Dito menggeleng kecil. "Aku di sini mau bicara baik-baik, Fania. Jangan mancing aku."
Fania mengembuskan napas beberapa kali untuk meredakan emosi yang campur aduk sebelum berkata, "Apa yang aku bilang semalam ke kamu... itu semua benar."
"Kamu bilang apa emangnya? Say it again."
"Kamu udah dengar semalam, Dit."
"Aku mau kamu bilang lagi sekarang. Semalam kamu mabuk, Fan. Kamu setengah sadar. Dan sekarang, karena kamu udah sepenuhnya sober, aku mau dengar langsung." Dito memutar tubuh Fania. Memegangi kedua pundaknya. "Look at my eyes! And say it louder, please!"
Fania melakukan apa yang Dito minta. Ia menatap mata laki-laki itu. Dan perasaannya lumer. Sel-sel dalsm tubuhnya serasa meleleh. Kenapa kemarin-kemarin dirinya tidak merasakan ini? Atau sebenarnya ia selalu merasakan gejolak perasaan yang meluap-luap ini, tetapi mencoba menyangkal dan mengabaikannya.

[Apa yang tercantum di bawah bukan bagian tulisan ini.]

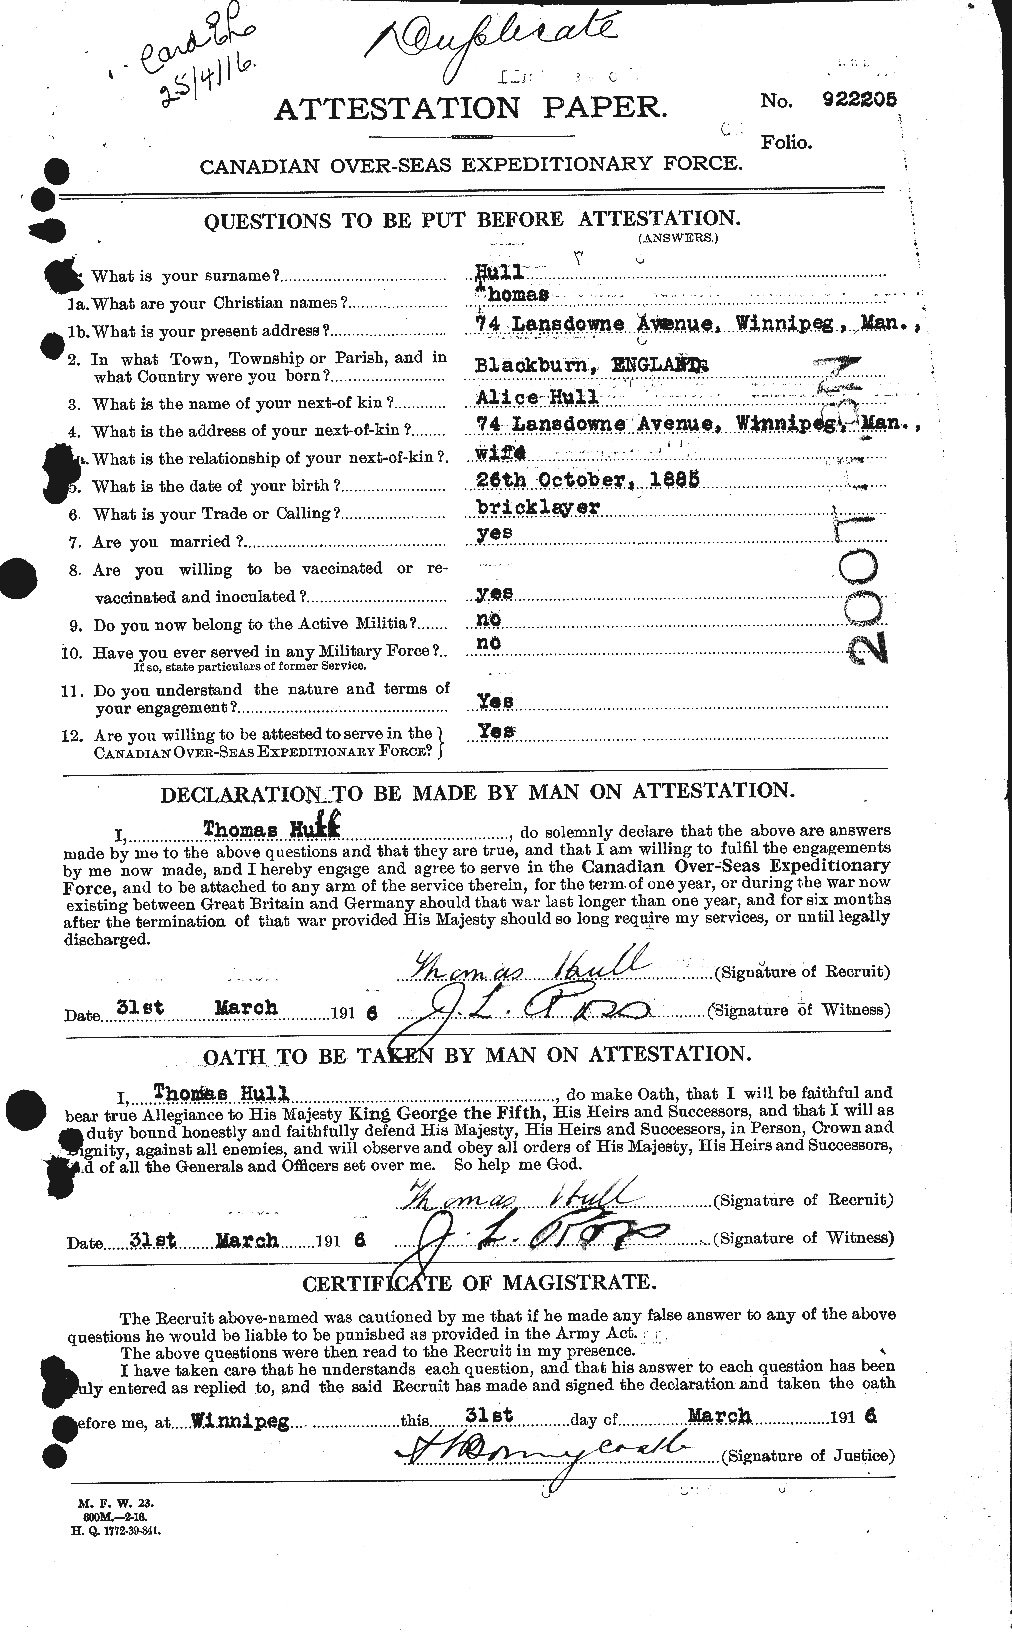 Personnel Records of the First World War - CEF 406155a

Lidahnya kelu. Jantungnya seperti diremas-remas saat menyadari bahwa perasaannya begitu nyata. Rasa cintanya kepada Dito—setelah beberapa lama saling tatap dengan mata gelap laki-laki itu—benar-benar nyata. Benar kata Puspa, ia ingin dan ia harus memberitahu Dito tentang perasaannya. Fania harus menunjukkan perasaannya agar laki-laki itu tahu bahwa dirinya bersungguh-sungguh dalam menjalani pernikahan mereka. Namun, kenapa menyatakan cinta rasanya sesulit ini? Untuk sekadar membuka mulut saja rasanya berat sekali.

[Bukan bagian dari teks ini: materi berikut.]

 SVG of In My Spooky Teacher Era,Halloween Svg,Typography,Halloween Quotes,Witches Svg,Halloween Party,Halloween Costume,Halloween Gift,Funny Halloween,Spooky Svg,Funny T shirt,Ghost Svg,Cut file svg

"Fania ...," bisik Dito yang mulai tak sabar.
"Aku sayang kamu, Dit."
Dito meraih ujung rambut Fania yang jatuh menutupi wajah lalu menyelipkannya ke belakang telinga.

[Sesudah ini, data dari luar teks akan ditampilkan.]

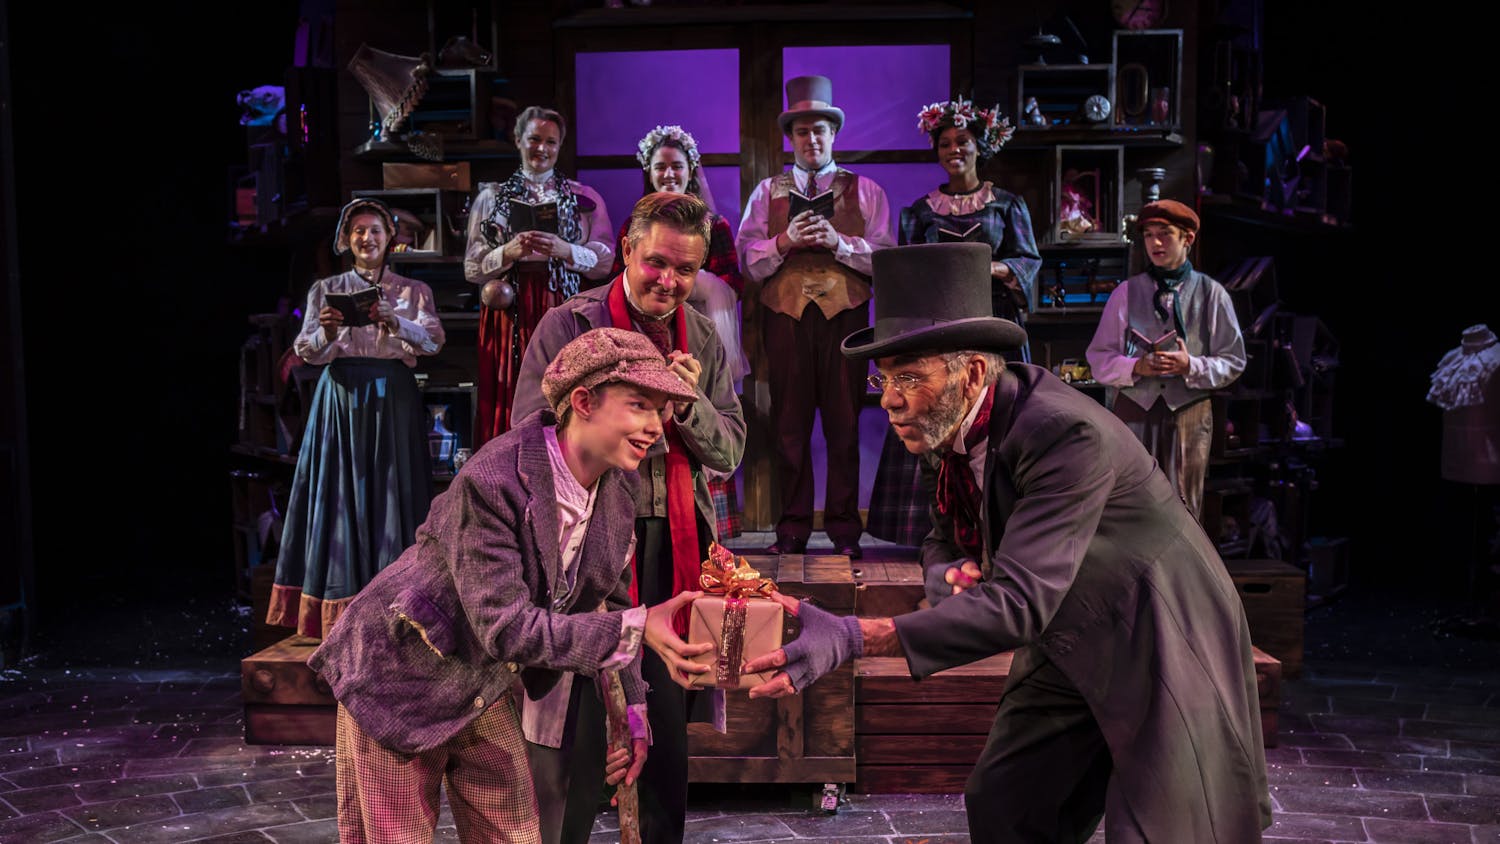 Actors from The Hippodrome are seen on stage for A Christmas Carol. ﻿

"Aku tahu. Aku udah tahu sejak lama. Kamu nggak perlu ulang-ulang lagi bagian itu."
Fania membasahi bibirnya yang terasa kering, padahal ia rutin mengenakan pelembab bibir. Kemudian memulai pidato pernyataan cintanya.
"I love you, Dito. Kamu laki-laki terbaik yang dihadirkan Tuhan buat aku. Kamu menyeimbangkan hidup aku. Kamu memang bukan segalanya, tapi kamu menyempurnakan hidupku dengan cara yang nggak benar-benar aku sadari. Kamu selalu ada di sini," Fania menunjuk kiri dadanya, tempat di mana jantung berdetak, "sejak dulu, Dit. Aku nggak pernah benar-benar melupakan sosok kamu walaupun kamu udah nggak ada di hidup aku selama masa-masa remaja sampai aku dewasa. Aku sadar kalau kehadiran kamu begitu penting dan akan selalu penting, waktu kita ketemu lagi setahunan yang lalu. It's silly, tapi aku menganggap pertemuan kita sebagai takdir. Perjalanan kita sampai ke sini karena sudah digariskan Tuhan. Aku baru benar-benar sadar kemarin. Puspa yang membuat aku sadar akan perasaanku."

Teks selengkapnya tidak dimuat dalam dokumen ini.